Fair Pay for Nurses

I have campaigned for years for more funding for the NHS to ensure we have a service that works and that frontline workers like nurses get decent pay. And I have continuously opposed the creeping privatisation we have seen over recent years.
I have repeatedly called for a long-term investment plan for the NHS and social care sector, funded by increasing taxation on the very wealthiest in society.

Rishi Sunak gave pay rises to doctors and dentists earlier in the year, but not to nurses, and this is obviously unfair. In fact, he used the excuse that nurses agreed a three-year deal in 2018, which means the average nurse receiving a 4.4% rise this year. But the vast majority of frontline nurses are said to be in Band 5, so on average this meant that nurses got just a 1.65% rise in April, and this is totally unacceptable in my view.

He did this, despite the fact that he and Boris Johnson recognised the selfless and dedicated service that they have provided throughout the Coronavirus crisis.

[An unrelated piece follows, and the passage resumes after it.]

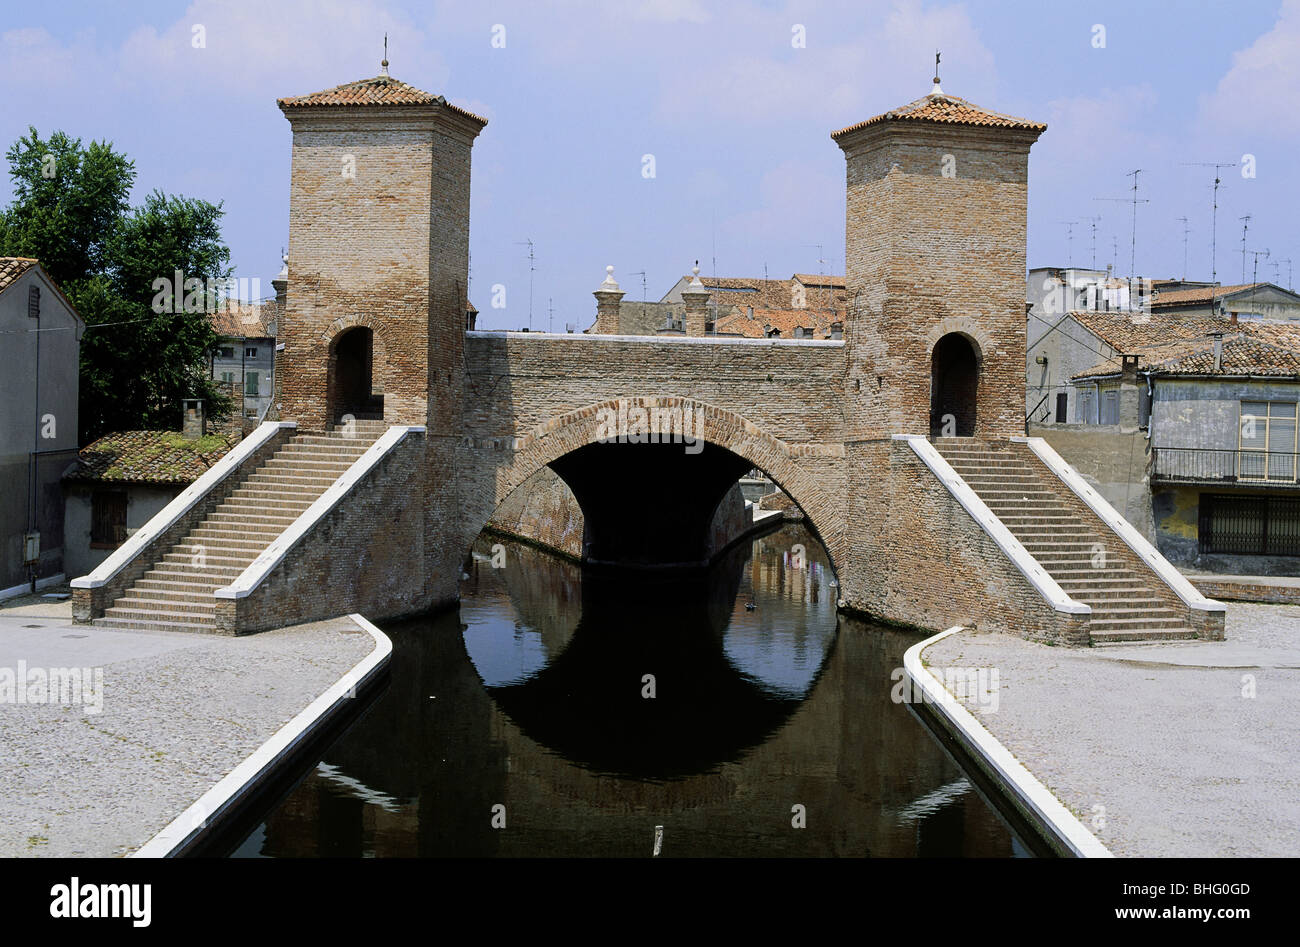 geography / travel, Italy, Ravenna, bridges, Comacchio, bridges, Treponti bridge, Additional-Rights-Clearance-Info Stock Photo

I consider this to be exploitation, but it doesn’t come as a surprise.
In Rishi Sunak’s Autumn 2020 Spending Review, he promised a pay rise for doctors and nurses in the NHS, but we don’t know what this will be, and we’ll probably have to wait until the 2021 budget to find out.

He also said that all public sector workers earning less than the median wage (£24,000) will get a pay rise in next year’s Budget; I suspect this will be followed quickly by the announced public sector pay freeze which is being justified as paying for the cost of the Pandemic. This is unacceptable as the wealthy should make the biggest contribution rather than making front line workers shoulder the bill.

I fully support the long overdue, proper pay rise for nurses who continue to give such selfless dedicated service even though their real income has gone down. A 12.5% pay increase does not even take you to parity with the real value of nurses pay 10 years ago.

I will continue to push for what I would have done, which is a proper long-term investment plan for the NHS and social care sector, and I will do this inside and outside of Parliament.